What is your proudest accomplishment in IT and/or life in general?

My proudest accomplishment is the joy I derive from helping people and witnessing the end results that bring happiness to others. Working alongside my dedicated team, composed of Nicola Terzulli, two GAs, and our student workers (also known as LITE techs), fills me with pride. It’s immensely fulfilling to have fun, continually learn, and implement new skills while providing a spotlight and necessary resources to support their growth. Witnessing projects come to fruition is gratifying, and it is a joy to observe my team innovate, be creative, explore emerging technologies, and find new ways to apply them within our university community. Providing them with an experiential workspace where they can enjoy what they do and learn from it themselves greatly adds to this sense of accomplishment.

What passion projects/hobbies/activities are you involved in when you are not working?

When I’m not working, I’m deeply immersed in my passion for teaching. I teach a class at Fordham’s Graduate School of Education in which we explore integrated instructional practices that support multilingual and transliteracy learning, fostering collaborative and interdisciplinary environments. In addition to teaching at Fordham, I also teach a master’s course at NYU titled “Strategic Management of Technological Innovation,” a course designed to equip students with the skills needed to navigate the strategic planning landscape in technology-driven organizations. 

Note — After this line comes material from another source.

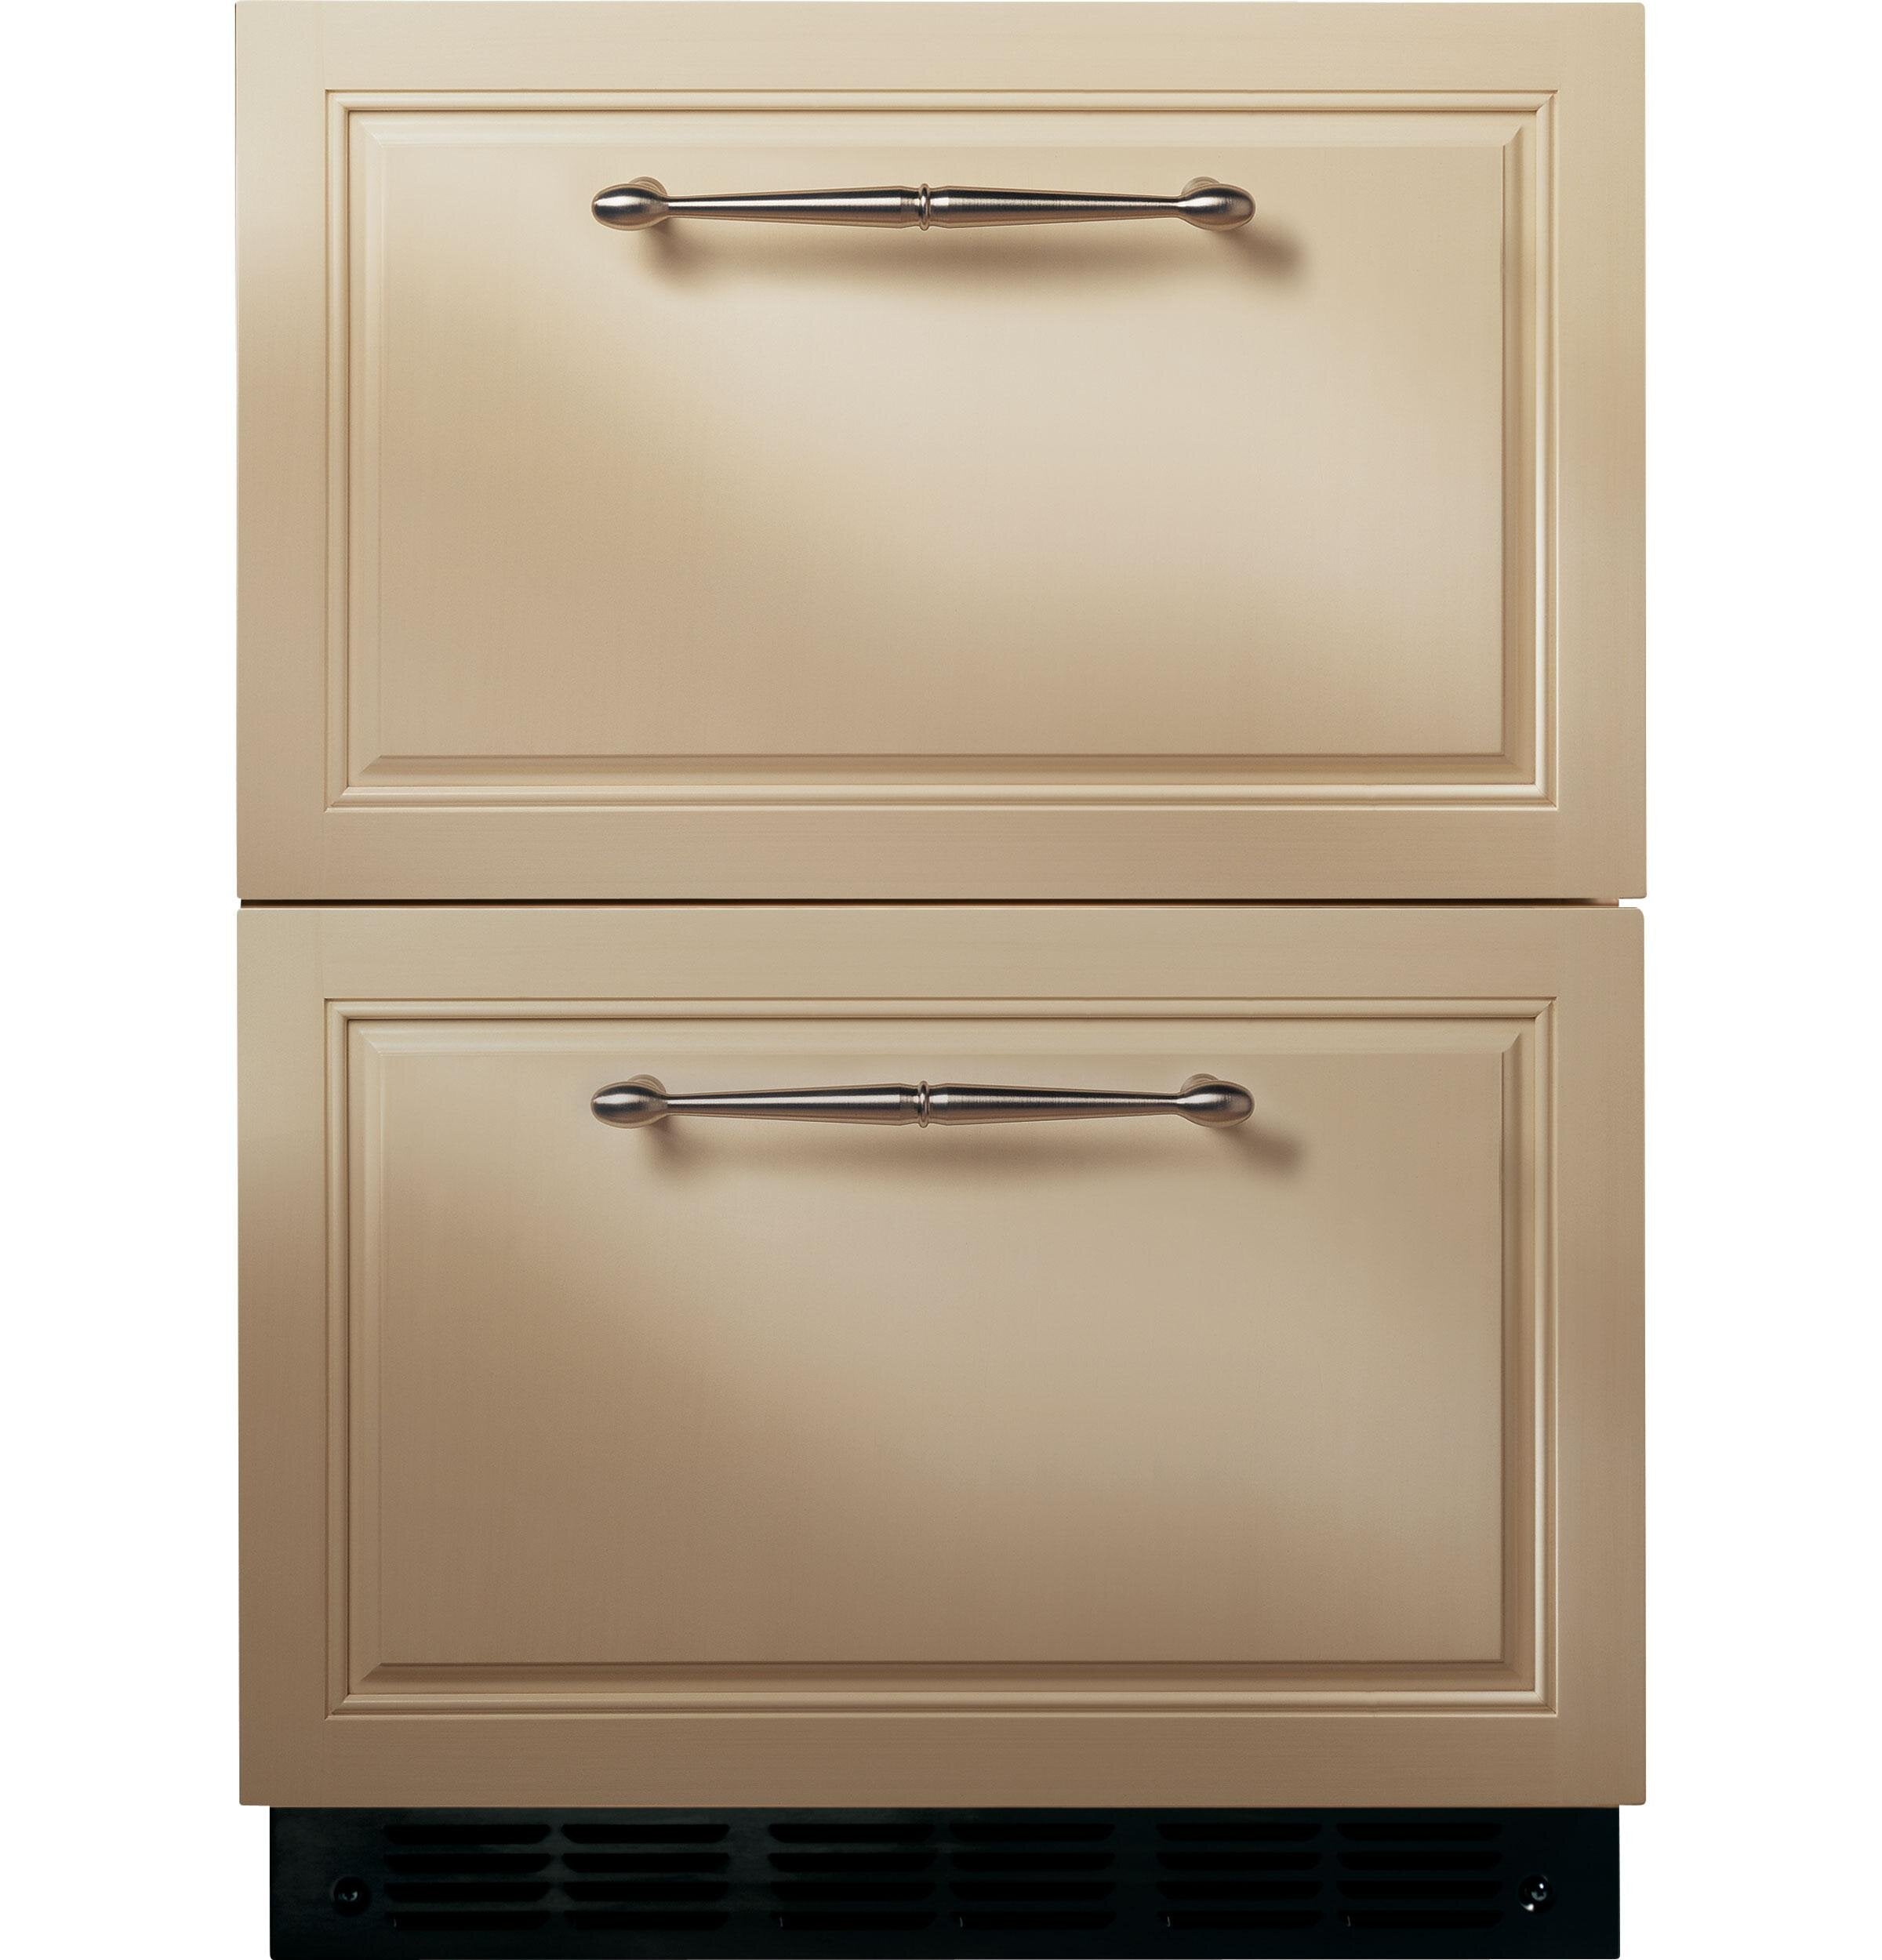 Monogram ZIDI240HII Monogram Double-Drawer Refrigerator Module

What is the most unique part about working at Fordham?

The most unique aspect of working at Fordham is the incredible staff who are not only supportive but care so much. It is a very collaborative environment where we can work across various departments and disciplines within the university. This interconnectedness allows us to extend our reach to other areas and create meaningful networks across the entire university. 

What is something fun or interesting that not many people know about you?

Something fun and interesting about me that not many people know is that I’m a big foodie and movie enthusiast. I find immense joy in both baking and watching films, especially with my niece and nephews. When it comes to baking, my absolute favorites are crafting cakes and making cookies entirely from scratch (when I have the time). As for movies, I enjoy the theater experience and my favorite types of movies to watch are horror, action, and thrillers.

This interview was conducted as part of the Office of Information Technology’s Staff Highlight series, in which we feature staff members who have meaningfully contributed to IT, Fordham, and beyond.